He hates, like a dredge net dragging through his gut, the way his strength has waxed as hers waned. Hates that he hasn’t needed a hospital stay in years; that he is irrevocably small, yes, irrevocably weak and sickly and Less, but that he’s started to think about the murmurings of war in a new way. In an _I-could-go-there_ way. He’s been daydreaming about it constantly, equal measures of horror and longing. It’s slipped into the square jaws and locked steps of his paintings. It’s slipped into the colors, shadows stained in red and white and blue.

The apartment shouldn’t seem as quiet as it does. With her night shifts at the hospital, Sarah had never been around much anyway, these last few years — not until the final weeks of her illness. She’d said little, then, just coughed late into the night and turned her face to the wall.

Steve knows Bucky’s worried about him. When he thinks about it hard enough, he’s worried about himself. He moves through his days in automatic slow motion. Takes the train to his art classes. Keeps painting the same things he was painting before she died.

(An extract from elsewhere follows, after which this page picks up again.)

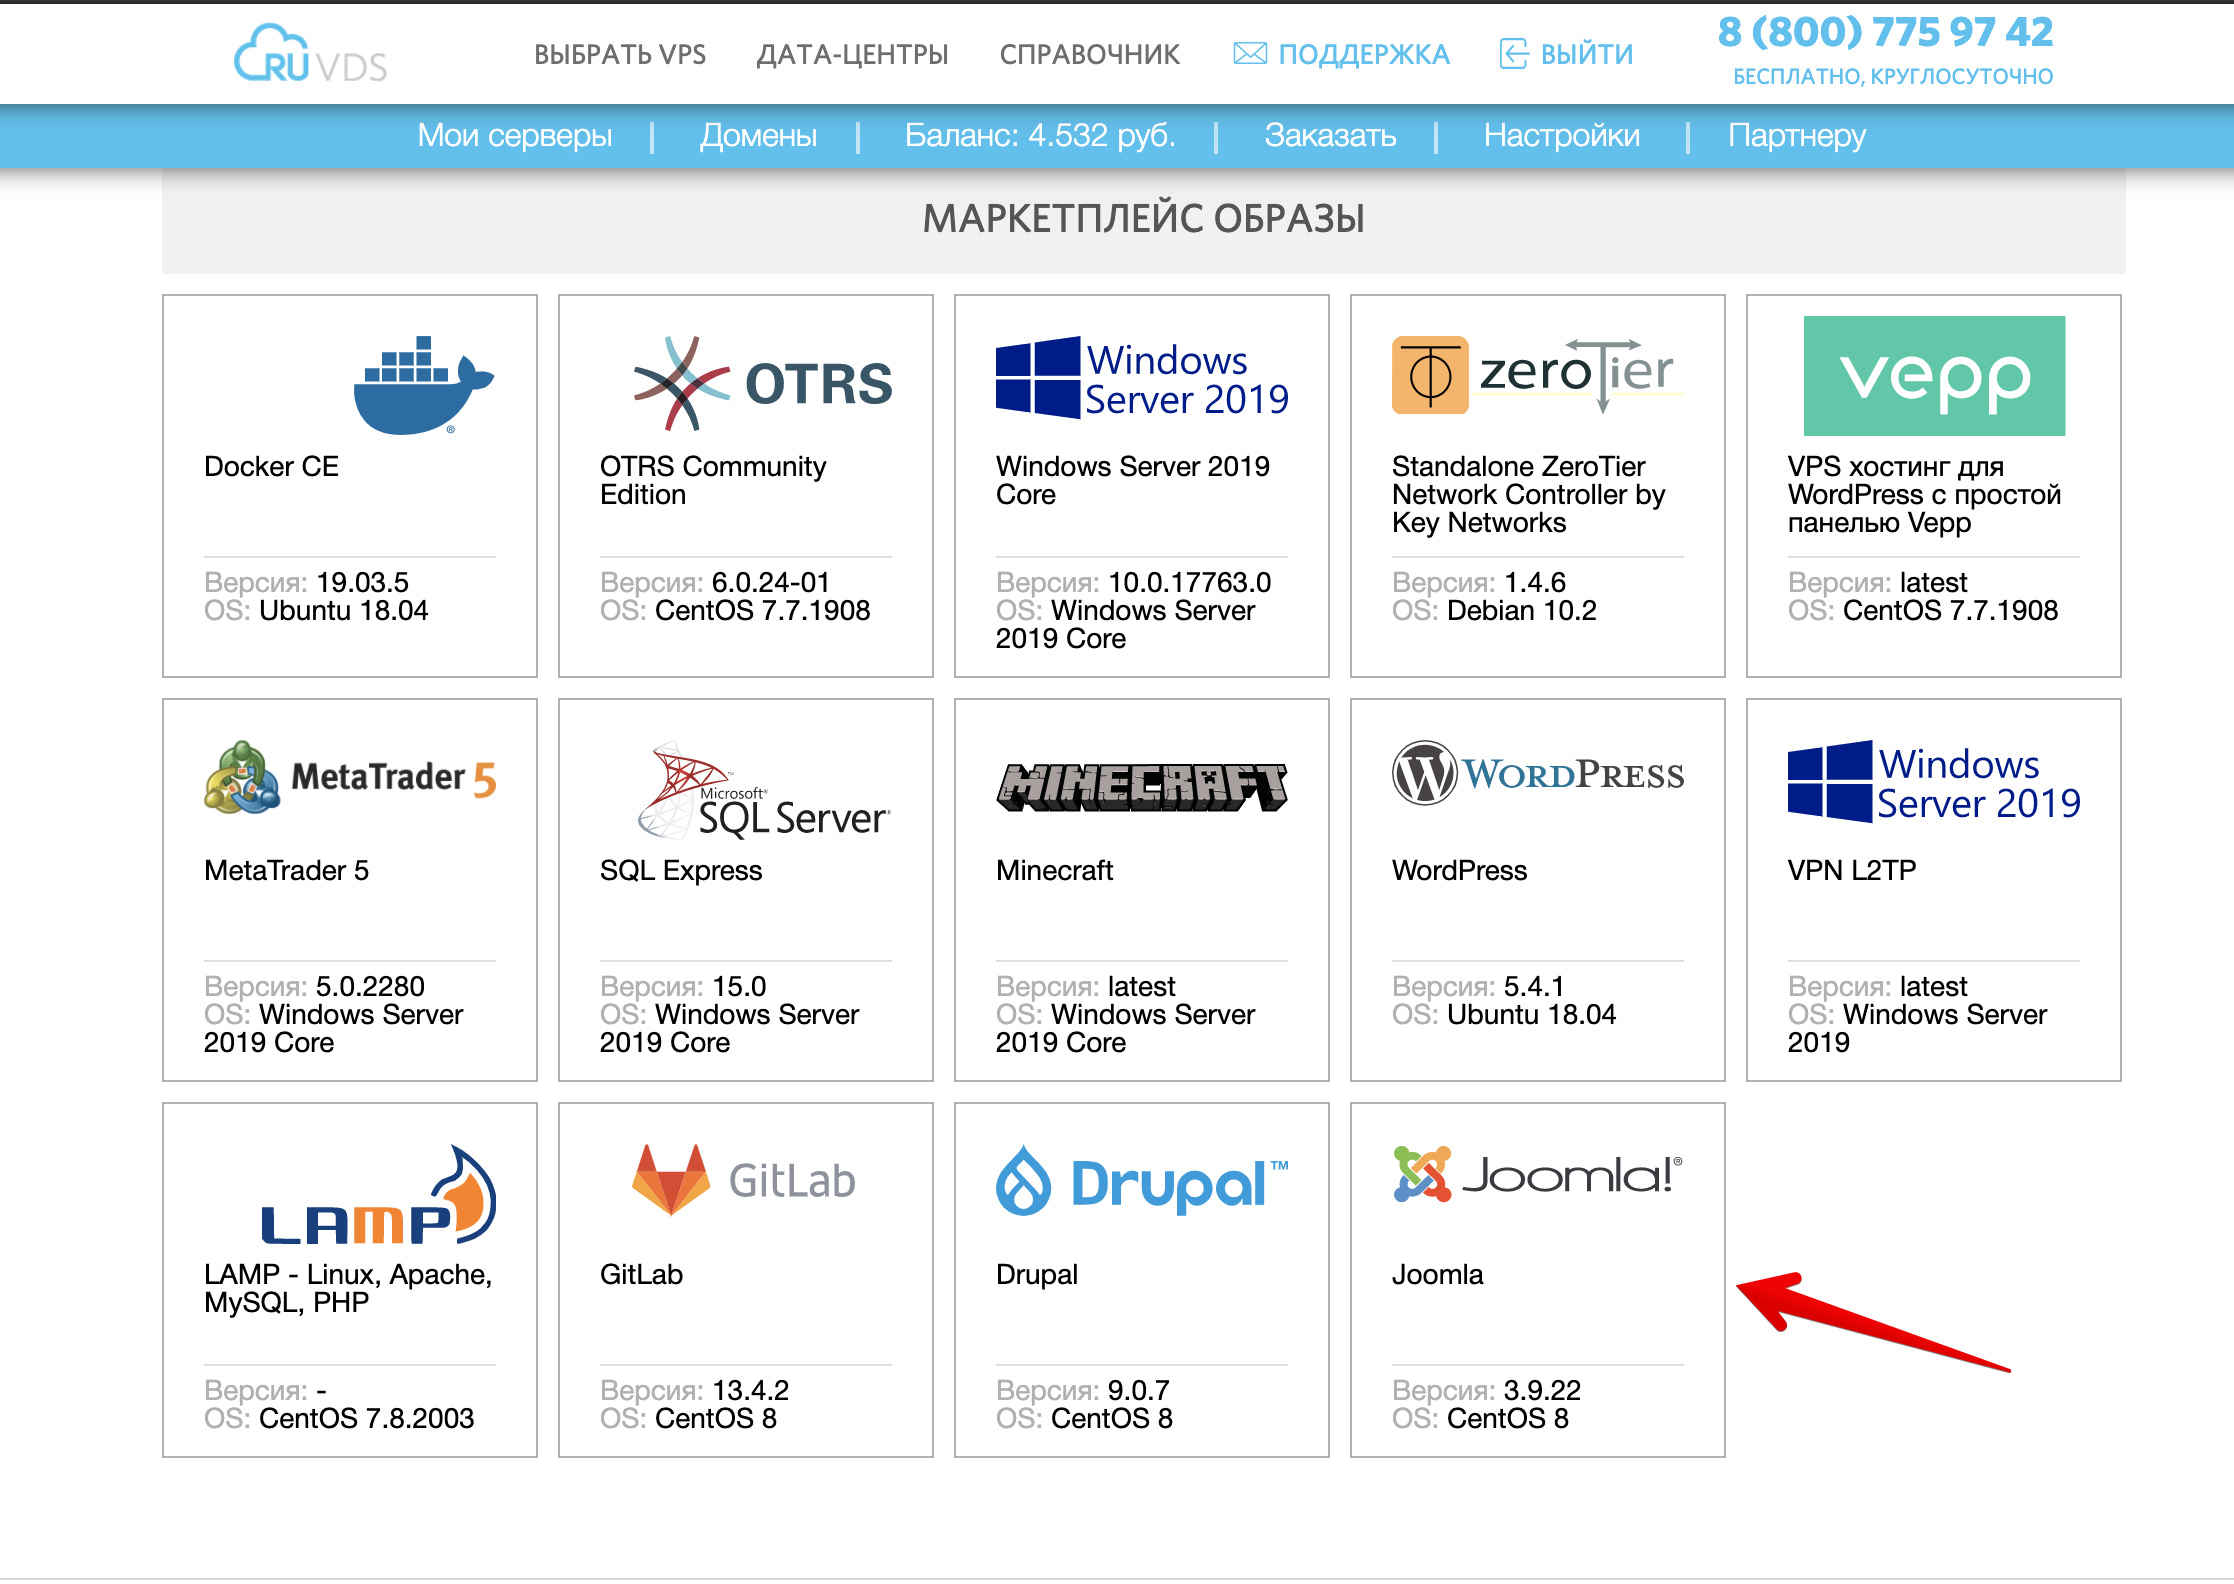 У нас появился новый образ в маркетплейсе: VPS с Joomla 3.9 на Centos 8 - 2

He let Bucky convince him to come here mostly because he felt bad. Because riding into Manhattan seemed a better option than sitting at home in the hollow space his mother left behind, with Bucky’s eyes on him in patient challenge and the shouts of children outside. Now, it feels like a mistake. He doesn’t have a costume — couldn’t bring himself to make one — and he can’t imagine joining the happy throngs. The Central Park sky is an anonymous blue dome, latticed with bare branches in savage filigree. Under it, Bucky’s scrutiny feels all the more pronounced.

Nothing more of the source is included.